EXERCISE:
Return the listing verbatim, images left out.

INFORMATION SUPPLIED:
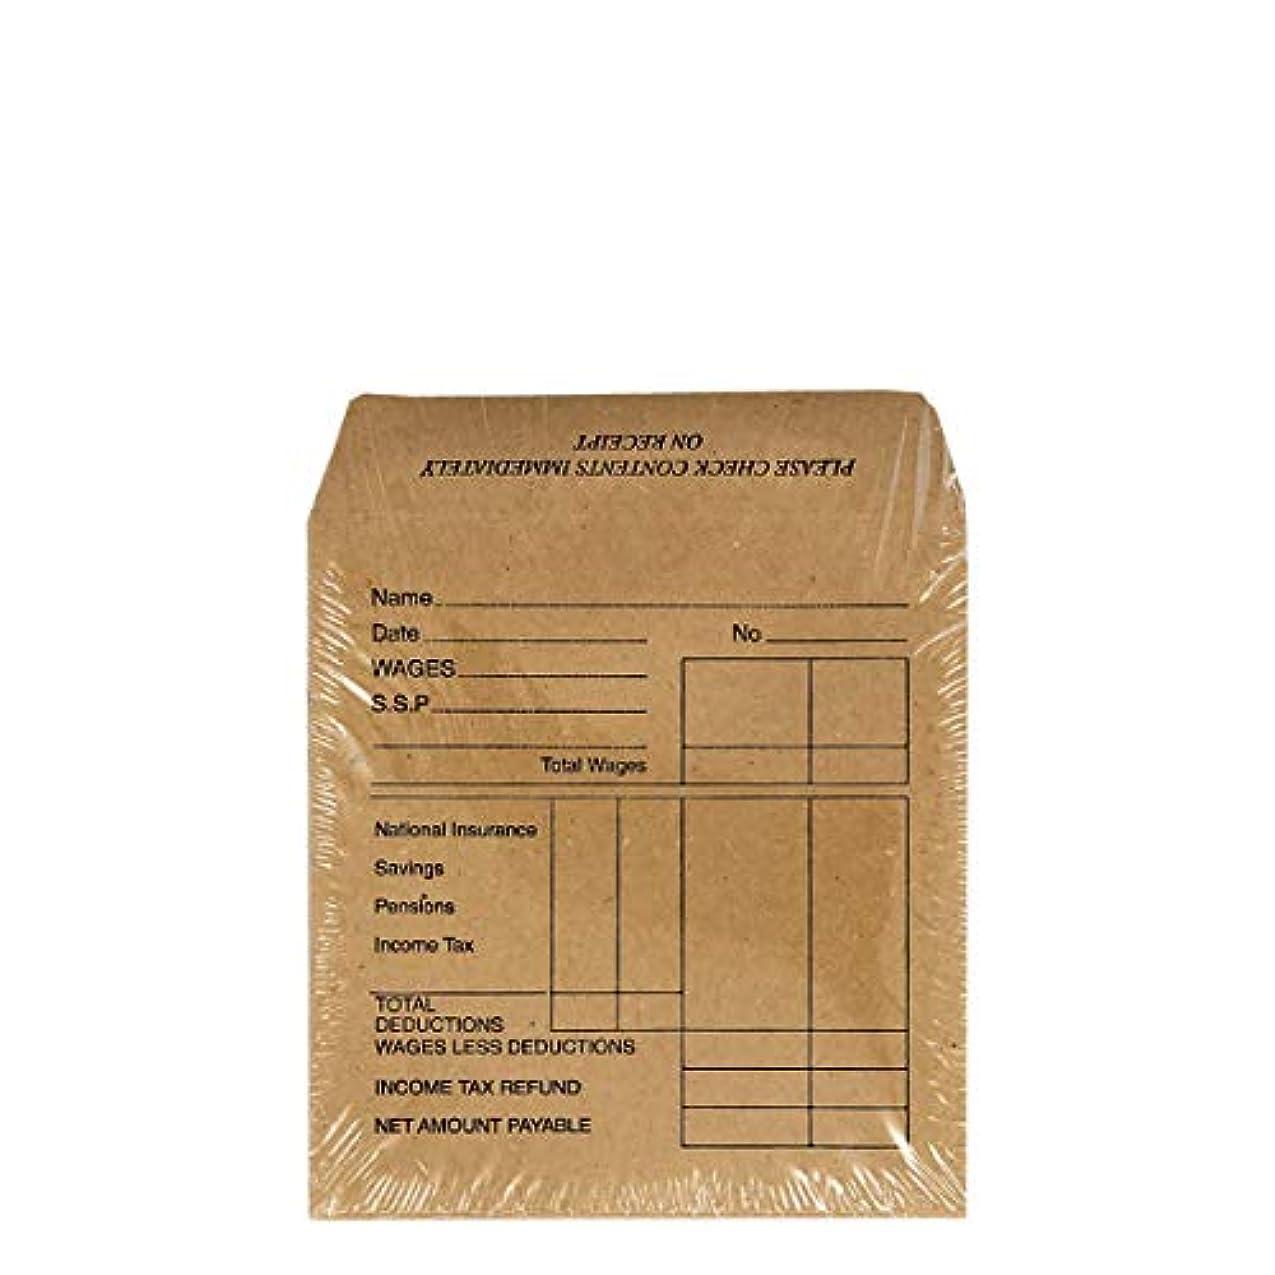 図超高層ビルベッドアジェンダ サロンコンセプト 賃金支払い 封筒 50[海外直送品] [並行輸入品]
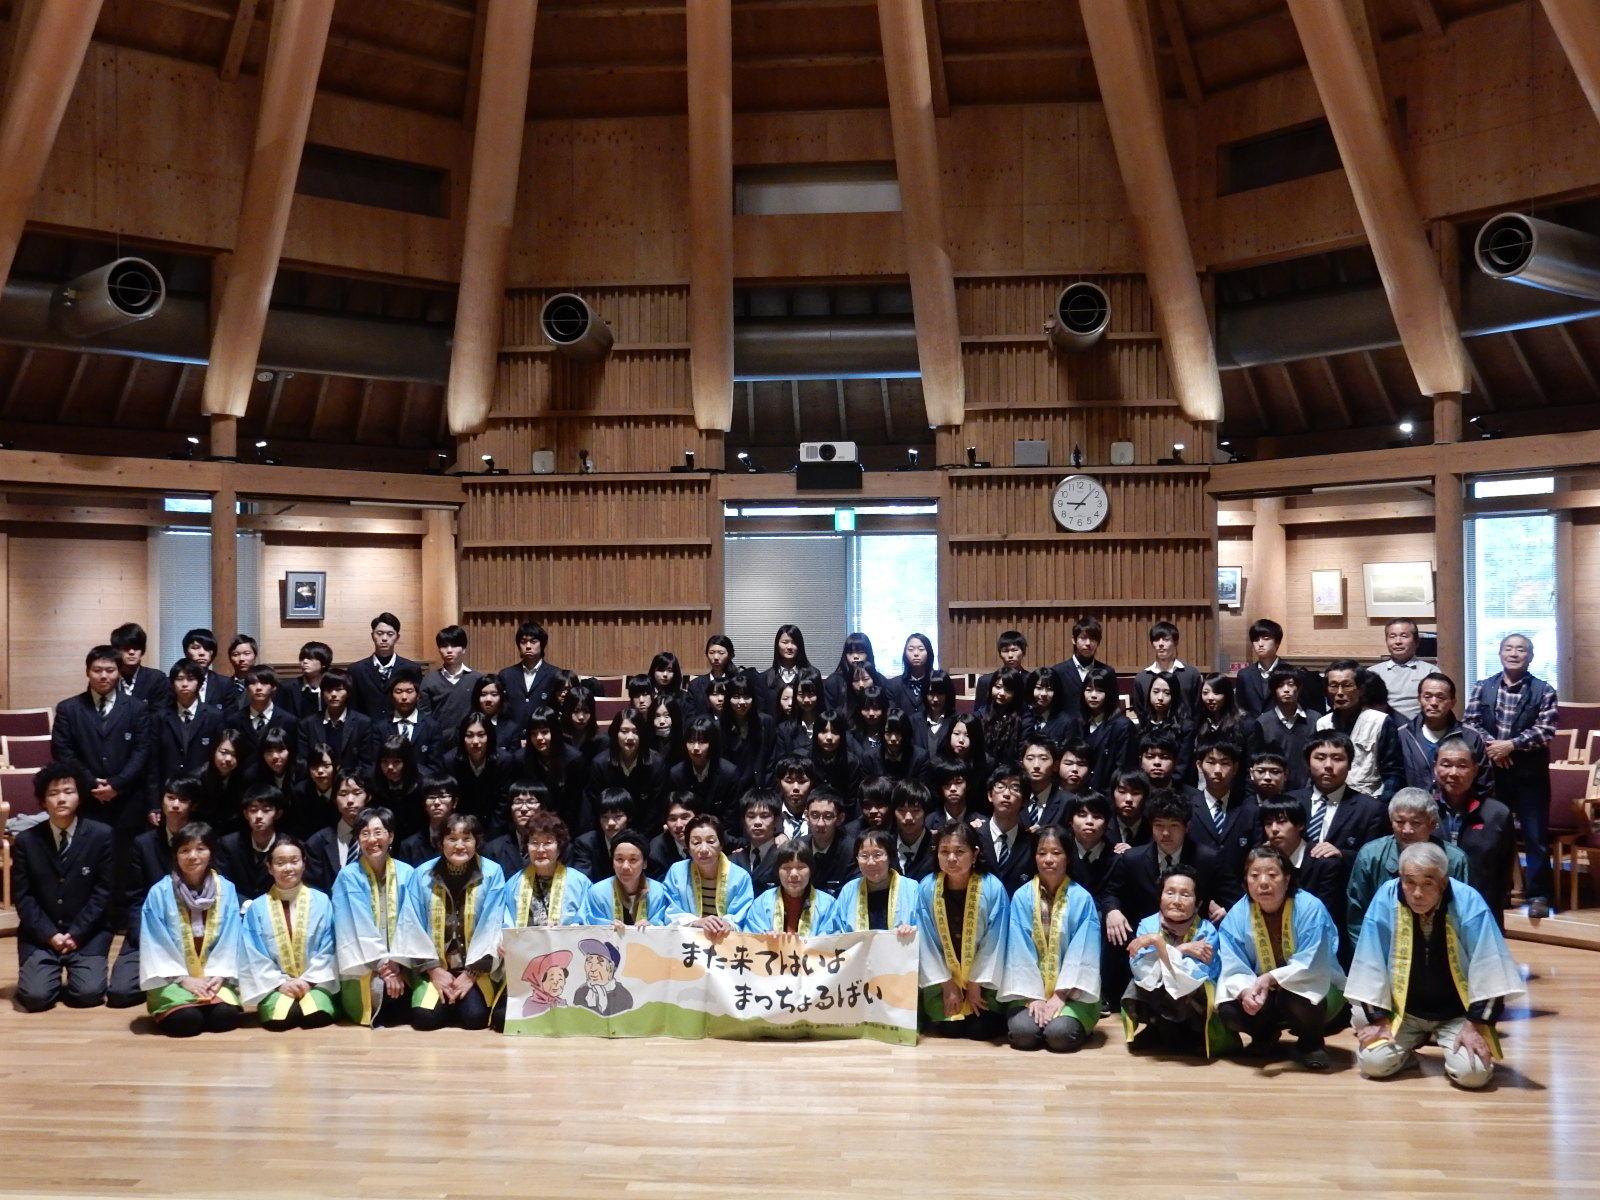 京都からのファームステイがありました_a0114743_13115877.jpg
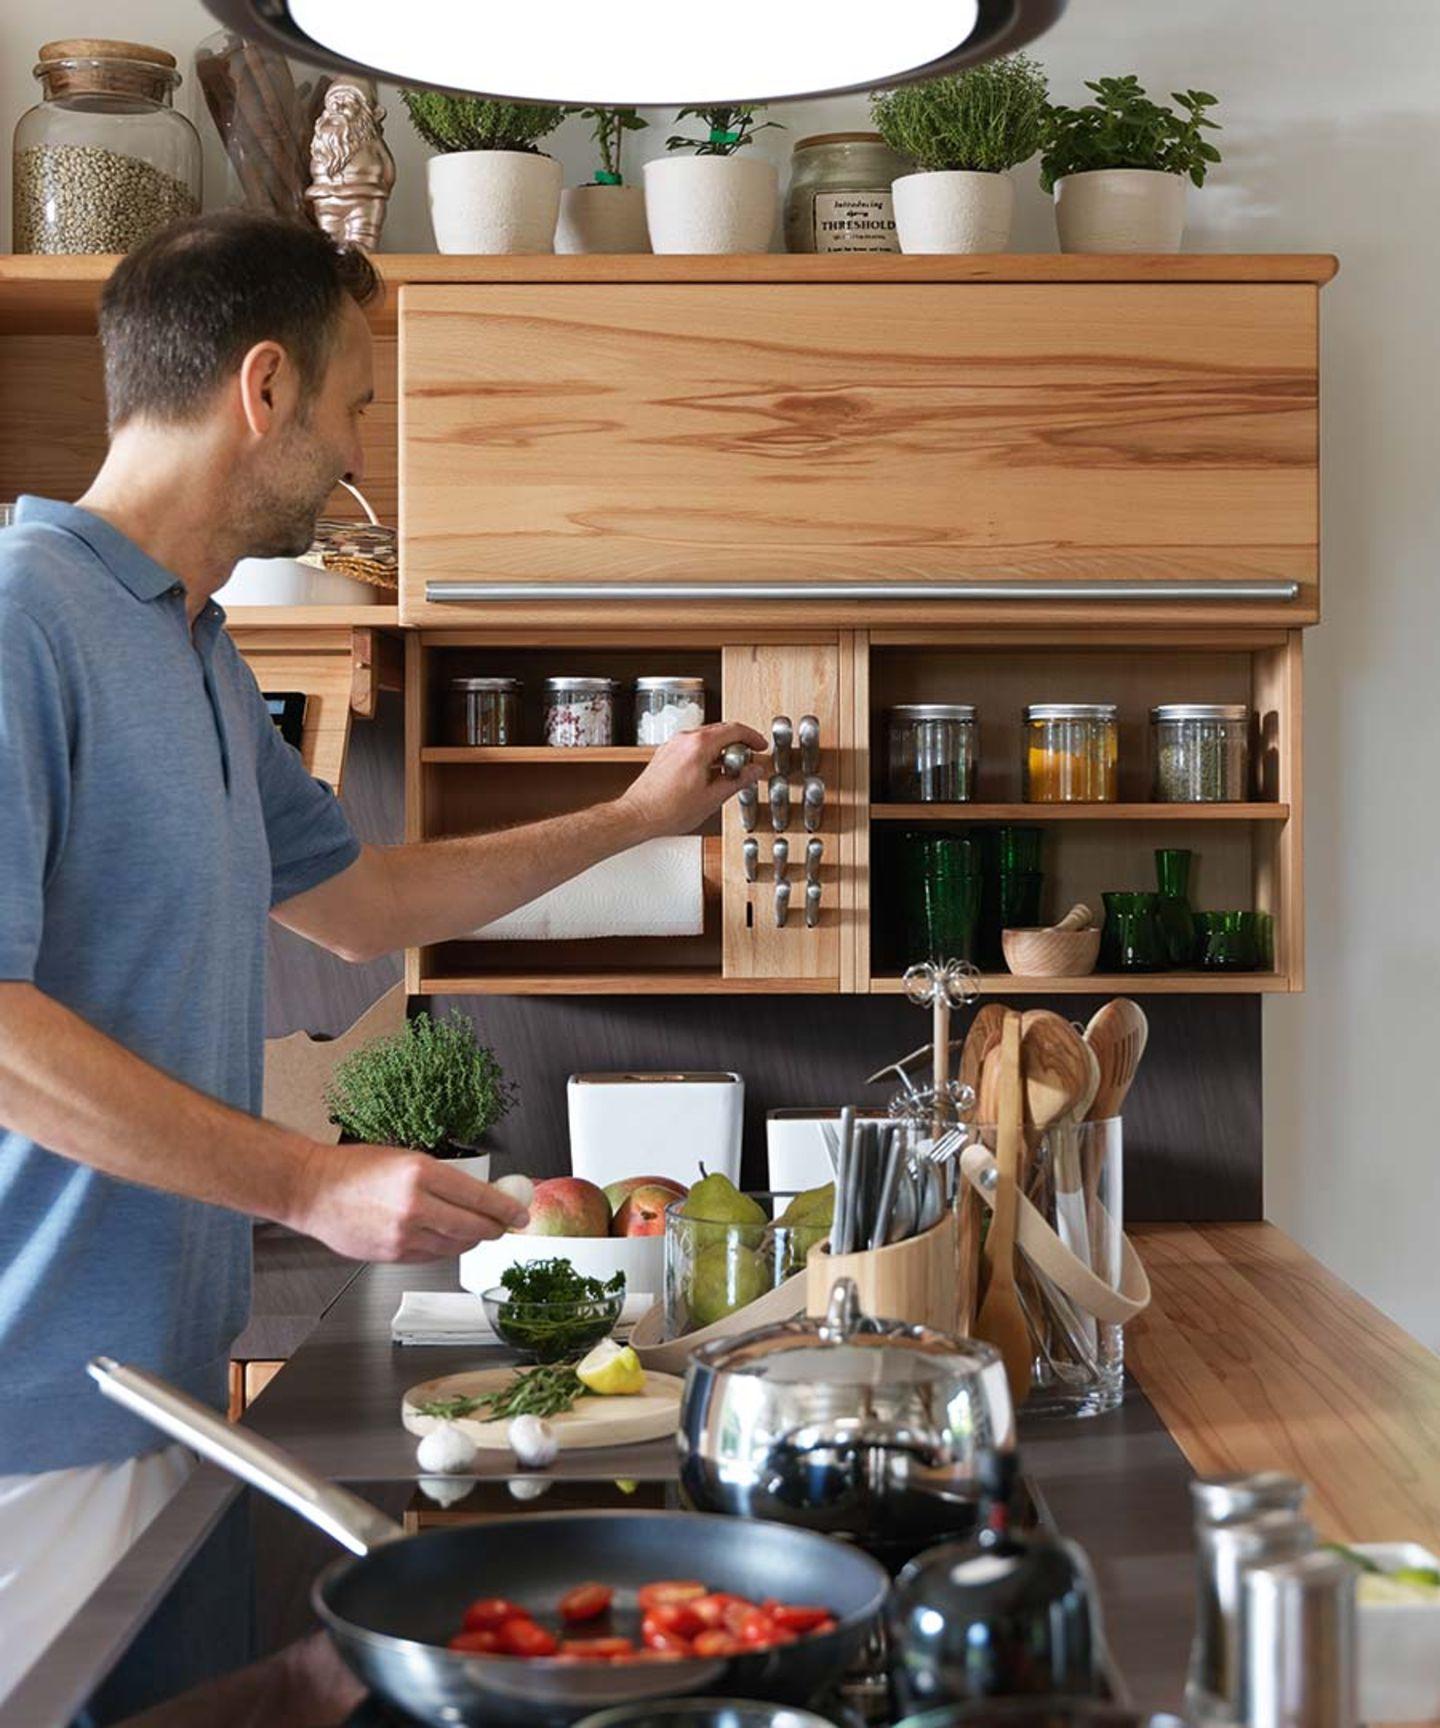 Vollholzküche rondo mit Borden und Simsleisten

ANSWER SECTION:
 図超高層ビルベッドアジェンダ サロンコンセプト 賃金支払い 封筒 50[海外直送品] [並行輸入品]
 京都からのファームステイがありました_a0114743_13115877.jpg
 Vollholzküche rondo mit Borden und Simsleisten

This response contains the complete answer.